In Brief:
- Chronic absenteeism and homelessness have both been on the rise since the pandemic.
- Rates are significantly higher among homeless students, affecting their graduation rates and future prospects.
- The Paradise, Calif., school district is included in a new report highlighting strategies for addressing this problem that are achieving results.
The Paradise, Calif., Unified School District cut its chronic absenteeism rate in half over the past five years. Absenteeism has been on the rise everywhere since COVID-19, but Paradise had the added challenge of coming back from a wildfire that nearly destroyed the town and left many students homeless.
The Camp Fire hit Paradise in November 2018. For a time, most of the district itself was displaced. A middle school relocated to an unused hardware store, a high school to a former Facebook building in nearby Chico.
“We used churches and teen centers and the fairgrounds,” says Dena Kapsalis, PUSD’s director of student services.
Every worker in the district was called upon to help bring students back. The approach to truancy shifted away from punitive measures to helping families overcome barriers, including needs for food and clothing. Counselors were placed in classrooms. The district created a new position to coordinate recovery efforts and another to manage donations.
PUSD repaired and rearranged its campuses sufficiently to welcome students back by the start of the 2019 school year. But in March 2020, COVID-19 forced school closures. Attendance took a second hit, with a new set of challenges.
The consecutive crises transformed how PUSD saw its place in the community and its relationships with families. Its subsequent efforts to reach out to struggling kids saw success. As many as 40 percent of PUSD students were chronically absent at one point; it’s half that now. School leaders from places as far flung as Ukraine; Maui, Hawaii; and Altadena, Calif., have consulted PUSD for guidance.
Not Just a Kid
Chronic absenteeism is defined as missing 10 percent or more of the school days in a year, for any reason. Students who miss this much school are much less likely to graduate (see chart). They are more likely to be disadvantaged already, affected by economic or social factors that success in school could help them overcome.
More than 1 in 4 students in the U.S. were chronically absent during the 2022-2023 school year. In 20 states, the share was 1 in 3, or more. The rate climbs to almost half among homeless students, and the number of homeless families with children increased almost 40 percent in 2024, following a 16 percent increase the year before.
In the aftermath of the fire, every PUSD employee was asked to go beyond the schoolhouse gate and into the community to find families and learn their needs, says Kapsalis. Staff spent hours on Facebook or connecting with parents and students in the grocery store across the street from the district office. Food service staff took meals to places where buses used to collect students. Counselors rode with them.
Interactions that revolved around the survival of families — and the town itself — changed the framing around school attendance. Each student missing class was tangled in an obstacle of some sort, whether lack of transportation, a personal crisis or the need to babysit for a working parent.
“It’s not just a kid walking through that door, it’s a human being,” says Cris Dunlap, outreach coordinator for PUSD.
Filling Gaps
Dunlap has been both a teacher and administrator for the district. Today, her job is reaching out to absent and homeless students and connecting them to resources that can help them stay in school. She might accompany a student to the county social services office and help them sign up for Medi-Cal (the state’s Medicaid program) or other services. Or help a laid-off parent find a job.

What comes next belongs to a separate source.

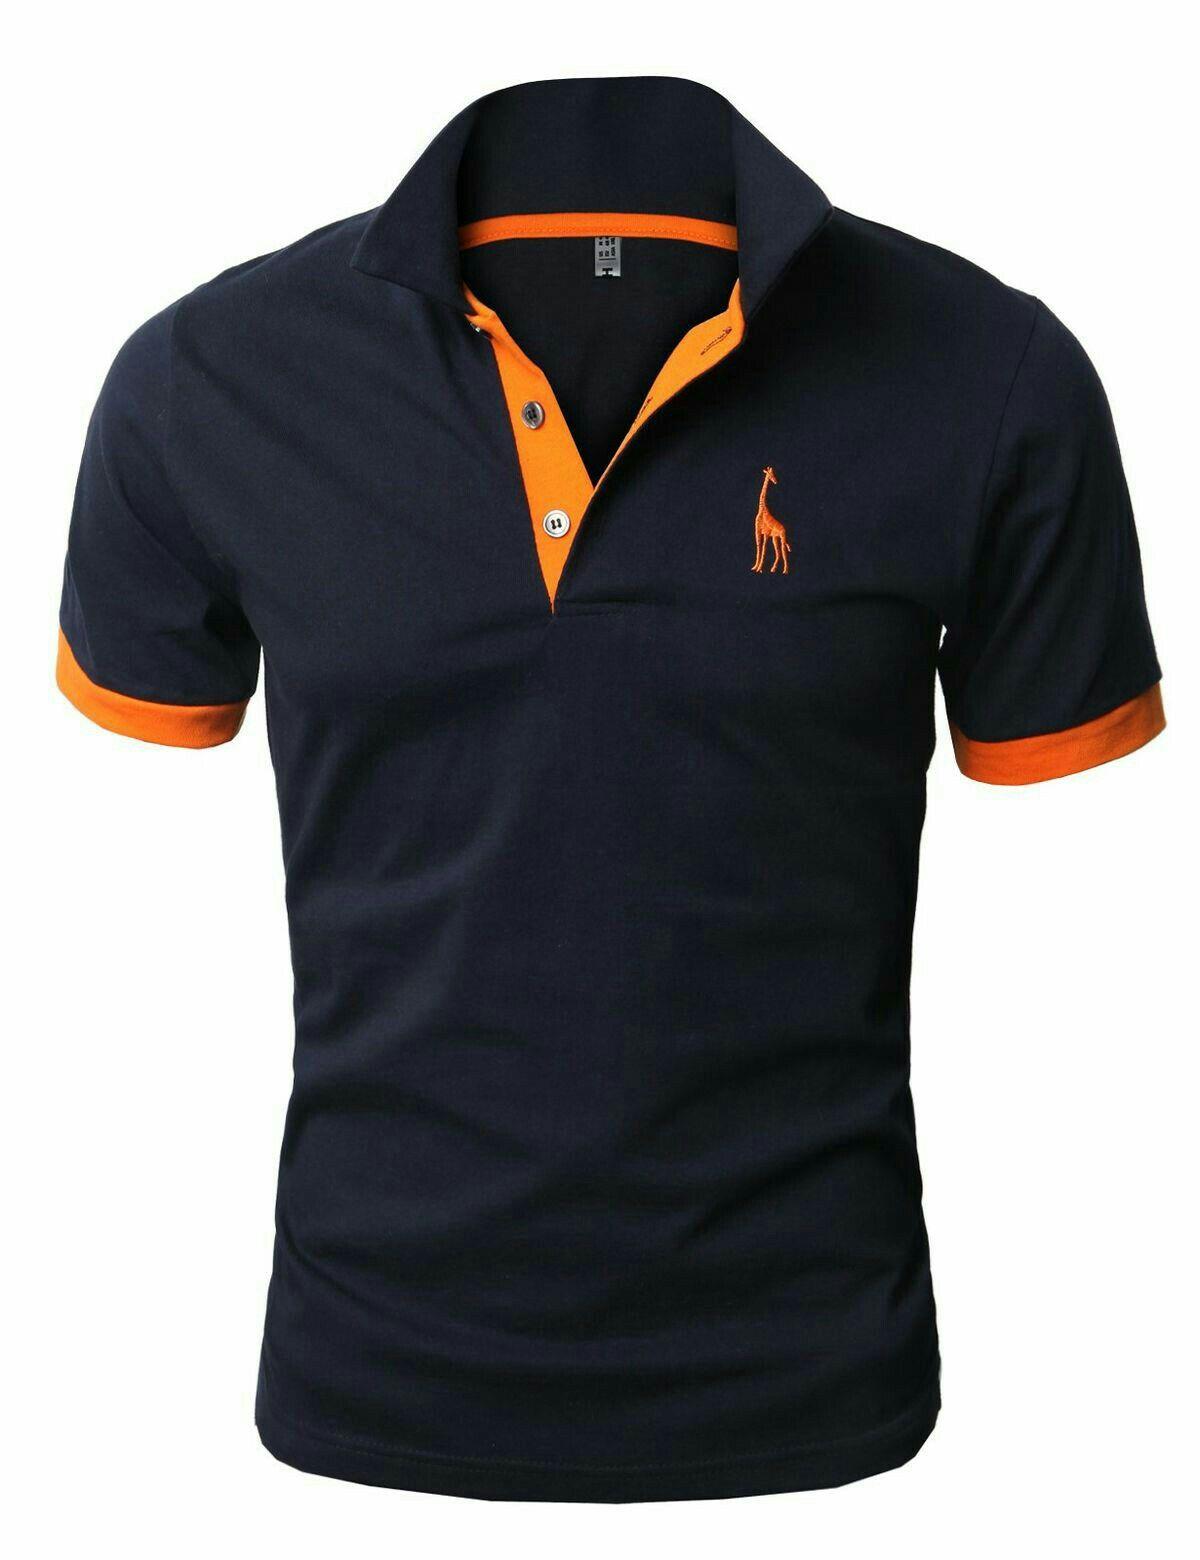 Blue Lacoste Polo Shirt | Lacoste t shirt, Lacoste polo

Before the start of a new school year, every teacher in PUSD now receives a list of students who were struggling with chronic absenteeism the year before. “Prior to the first day of school, they’ll start reaching out and wrapping around those kids and families,” says Kapsalis. This can include home visits by Dunlap.

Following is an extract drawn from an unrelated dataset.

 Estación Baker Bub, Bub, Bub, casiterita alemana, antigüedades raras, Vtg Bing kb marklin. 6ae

As district staff worked to assist families in getting the help they needed, it became apparent that there were gaps in what was available locally. The day the Camp Fire swept through Paradise, Carrie Dawes was the student services administrator. She helped load students onto buses to get to safety.

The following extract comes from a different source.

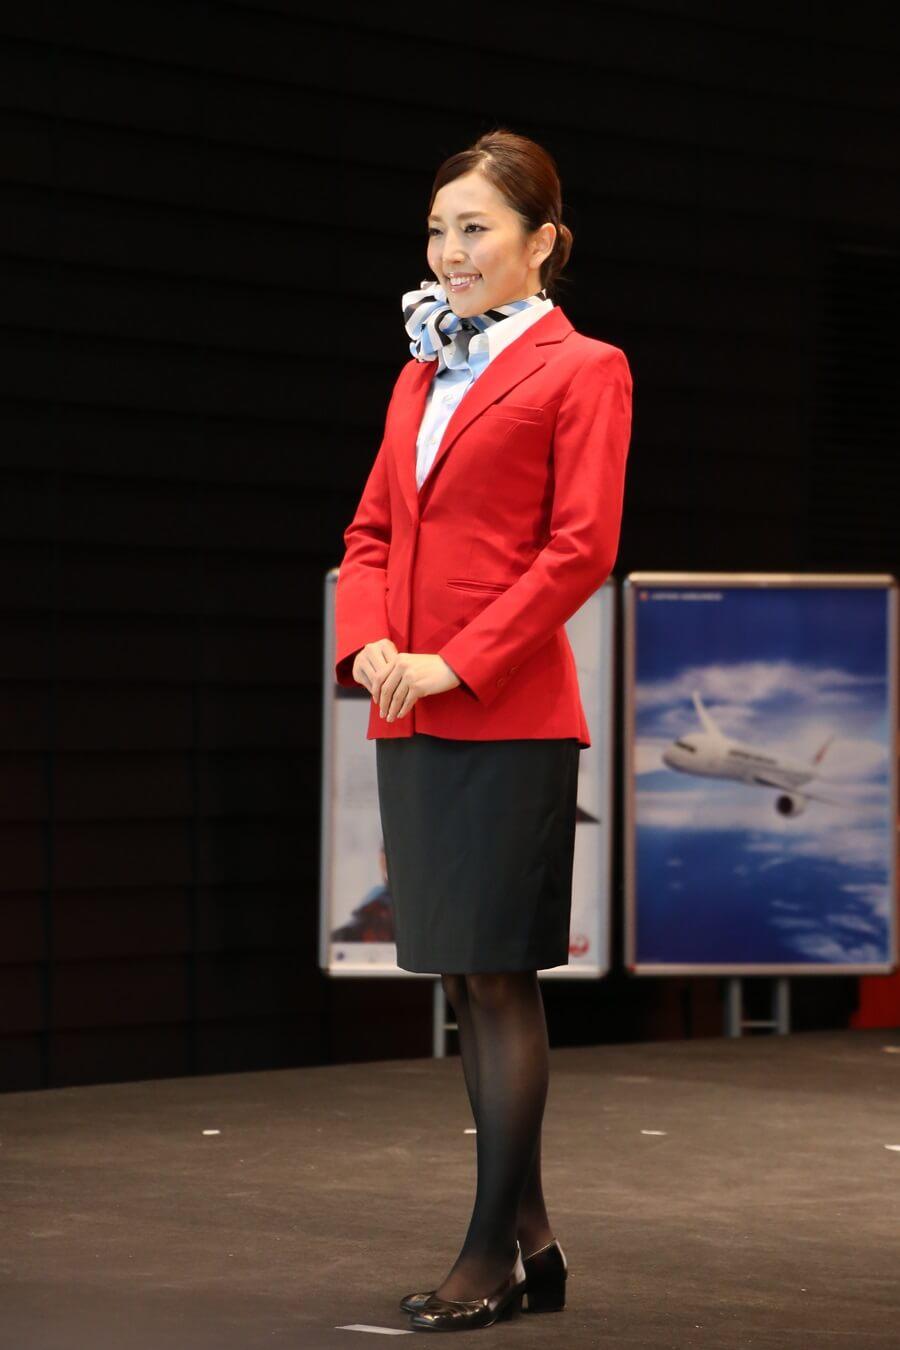 JEX2代目制服 JALとJEX客室乗務員歴代制服ファッションショー 客室乗務員 スチワーデス 歴代ユニフォーム 制服 空の日フェスティバル JAL fashion show JAL Express JEX (2)

Following the fire, she took on the job of working with county mental health agencies to bring counselors to the district. She also wrote grants, one of which garnered funds to improve PUSD’s ability to provide support that could keep students in classrooms.
The PUSD Health and Wellness Resource Center, operating out of a building on one of the district’s elementary school campuses, expands the resources the district can offer to families. It had a formal opening in March, with Dawes as director.
The center partners with organizations ranging from the Butte County Public Health Department to a community center offering space for events, training and classes. It can connect residents with services that include counseling, wellness programs, afterschool jobs, dental care and nature-based therapy.
One Mission
PUSD was among the districts included in a recent report from Attendance Works and SchoolHouse Connection. Through case studies, it highlights 10 key strategies for getting unhoused students back into the classroom that can achieve results.
Progress starts with a solid strategy for identifying homeless students, then tracking them by name and need, says Phyllis Jordan, who researched the report. Chronic absence itself is a string to pull to identify homeless students, says Attendance Works founder Hedy Chang.
Kapsalis continues to push for missed days going down, with a focus on one mission.
“Doesn’t matter where you are in the organization,” she says. “You may work in payroll, you may change the oil in the buses, you may be the superintendent.
“You’re here to graduate a kid from high school.”